## Dataset excerpts
————

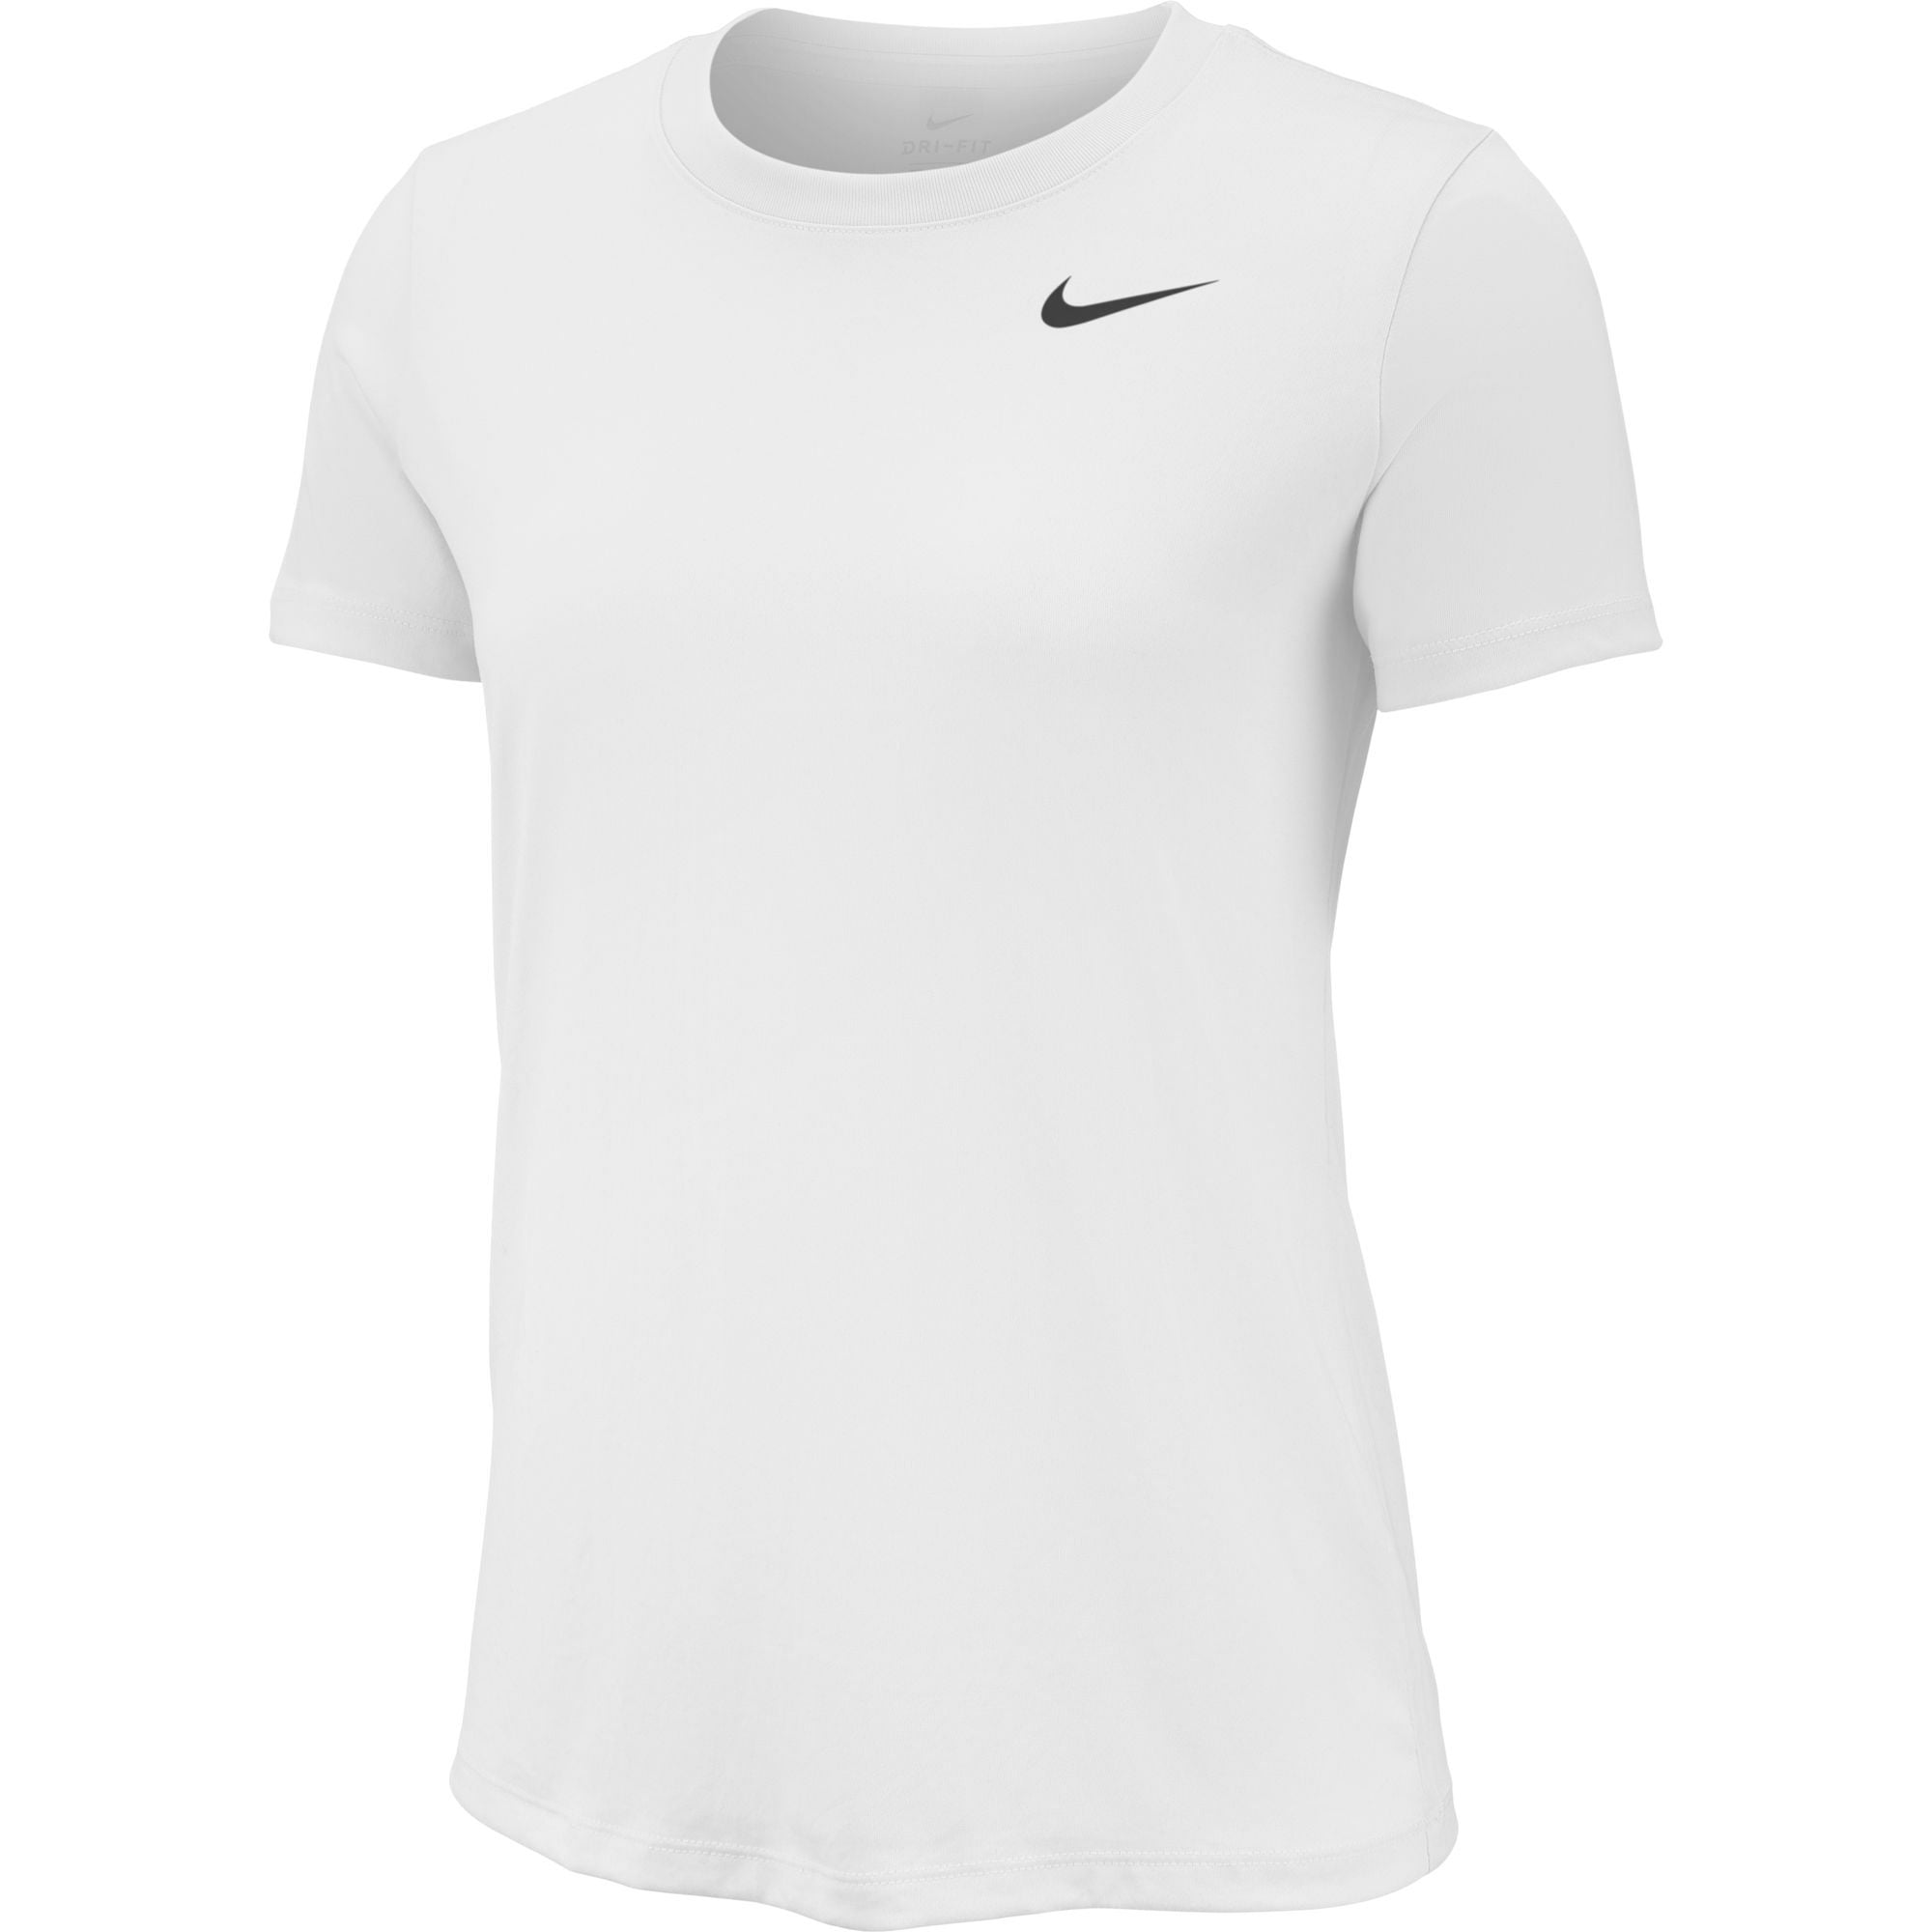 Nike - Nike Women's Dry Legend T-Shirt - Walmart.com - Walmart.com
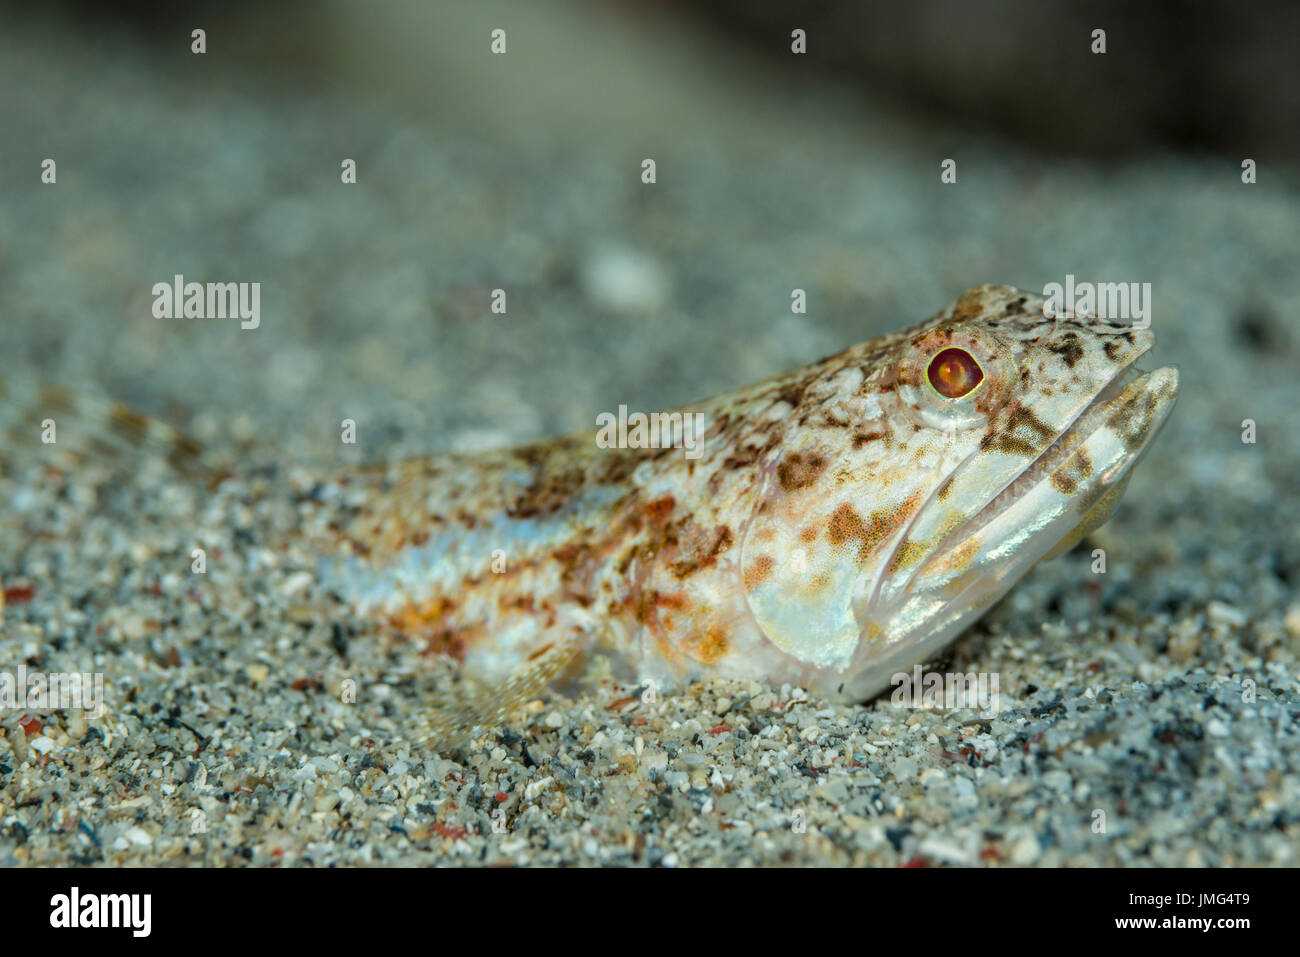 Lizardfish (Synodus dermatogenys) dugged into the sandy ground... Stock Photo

————

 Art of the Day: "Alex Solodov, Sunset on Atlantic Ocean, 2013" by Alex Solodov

————

## Problem statement
Copy out exactly the lines above beginning with the line that contains "Nike - Nike" and finishing with the line that contains "Lizardfish (Synodus dermatogenys)", including both; leave the pictures out.

## Exercise output
 Nike - Nike Women's Dry Legend T-Shirt - Walmart.com - Walmart.com
 Lizardfish (Synodus dermatogenys) dugged into the sandy ground... Stock Photo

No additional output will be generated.